Allowing private participation in the oil industry is a titanic shift for a nation where generations of schoolchildren were taught to take civic pride in Pemex and where speeches and ceremonies mark the anniversary when fields were seized from U.S. and British companies, Gurria said.
When Cardenas ousted the Mexican branches of Royal Dutch Shell Plc and other companies more than 70 years ago, Mexicans lined up to donate jewelry and livestock to the government to help pay for the expropriation. Energy was such a sensitive issue it was largely left out of the 1994 North American Free Trade Agreement signed by Mexico, the U.S. and Canada.
“We grew up assuming, just as a matter of fact, that oil and electricity and gas were state-owned, and that was the way it was, period,” said Gurria, who worked at a Pemex refinery as a teenager and served on the company’s board in the 1990s.
Significant Accomplishment
Just changing the law to allow private investment was a significant accomplishment for Pena Nieto, according to Gurria.
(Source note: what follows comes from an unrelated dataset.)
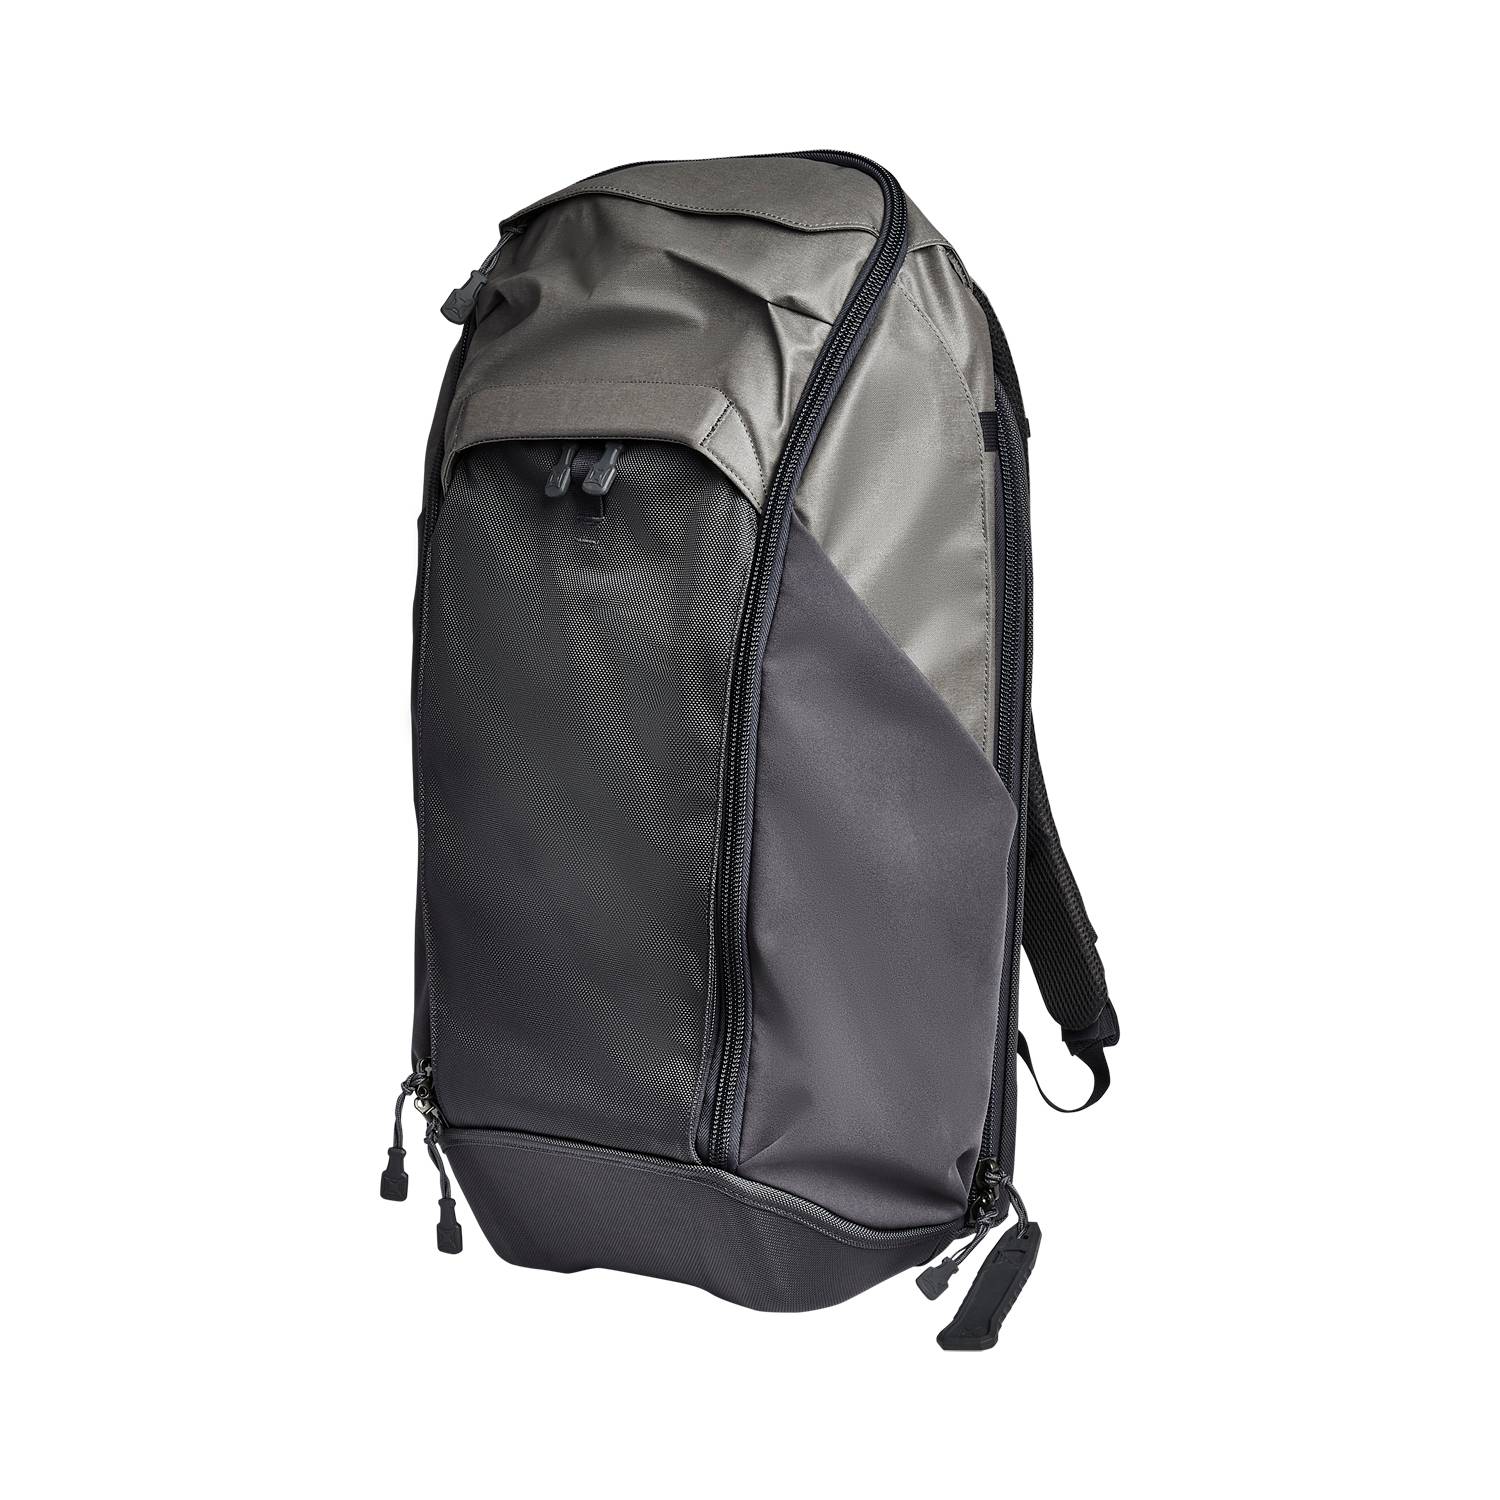 Vertx Basecamp Backpack (Gen 3) - 30L | Vertx Bags | Galls

The president needed to rally two thirds of each house of congress over opposition that spawned public protests.
Pena Nieto pushed the legislation through in 2013, amending the constitution to permit private and foreign companies to explore on their own for the first time since 1938 or partner with Pemex on oil production.
Changing the rules to allow private investment “would be my signature issue,” he said during a November 2011 interview at Bloomberg’s headquarters in New York, when he was running for president.
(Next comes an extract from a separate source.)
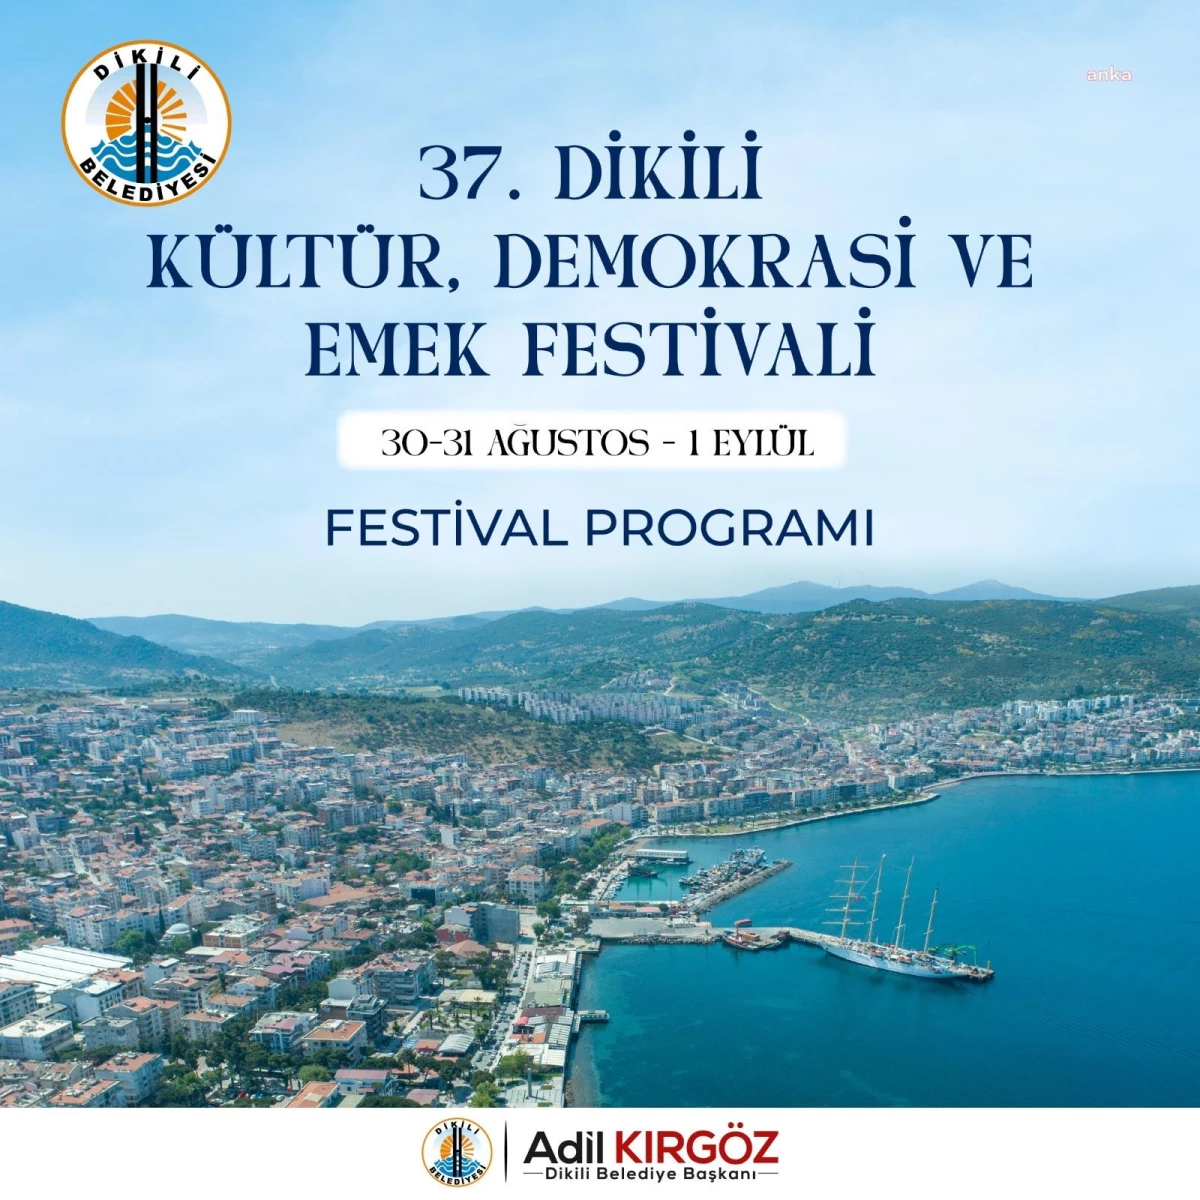 37. Dikili Kültür, Demokrasi ve Emek Festivali

While the government says the changes will help boost output and tax revenue that accounts for about a third of federal spending, the administration also passed a package of tax increases to reduce dependence on oil. The Mexican mix of crude has tumbled almost 46 percent in the last year to close Friday at $51.37 a barrel.
Cut Spending
Pena Nieto was forced to cut spending in January after Pemex production fell for a 10th consecutive year and global oil prices slumped. The government projects output will fall again this year. The decline has reduced Mexico to the world’s 10th largest producer of petroleum and other liquids, down from fifth in 2004, when it trailed only Saudi Arabia, Russia, the U.S. and Iran.
In opening its energy industry to private investment, Mexico is playing catch-up with other developing countries, including Brazil, which enacted a law in the 1990s ending its oil monopoly. Petroleo Brasileiro SA sold $70 billion in a 2010 stock offering, the world’s largest. Pemex has no immediate plans to sell shares, the company has said.
Temper Expectations
Mexico’s government in recent days has moved to temper expectations for this week’s auction as some potential bidders, including Glencore Plc and Ecopetrol SA, decided not to participate, without providing a reason. Energy Minister Pedro Joaquin Coldwell said the government will consider it a success if 30 percent to 50 percent of the blocks are awarded, in line with the average for similar auctions around the world.
Some companies may wait to bid in later rounds on more lucrative deep-water fields, which would be “the acid test,” said Duncan Wood, director of the Mexico Institute at the Woodrow Wilson International Center for Scholars in Washington.
This week’s event still will probably be a political success for Pena Nieto, even after the rout in crude prices, said Alexis Milo, the chief Mexico economist at Deutsche Bank AG in Mexico City.
“At current oil prices, these shallow-water fields are attractive,” he said. “The auctions will be positive for the Pena Nieto administration because they’ll show in an emblematic way that the energy reform is moving forward.”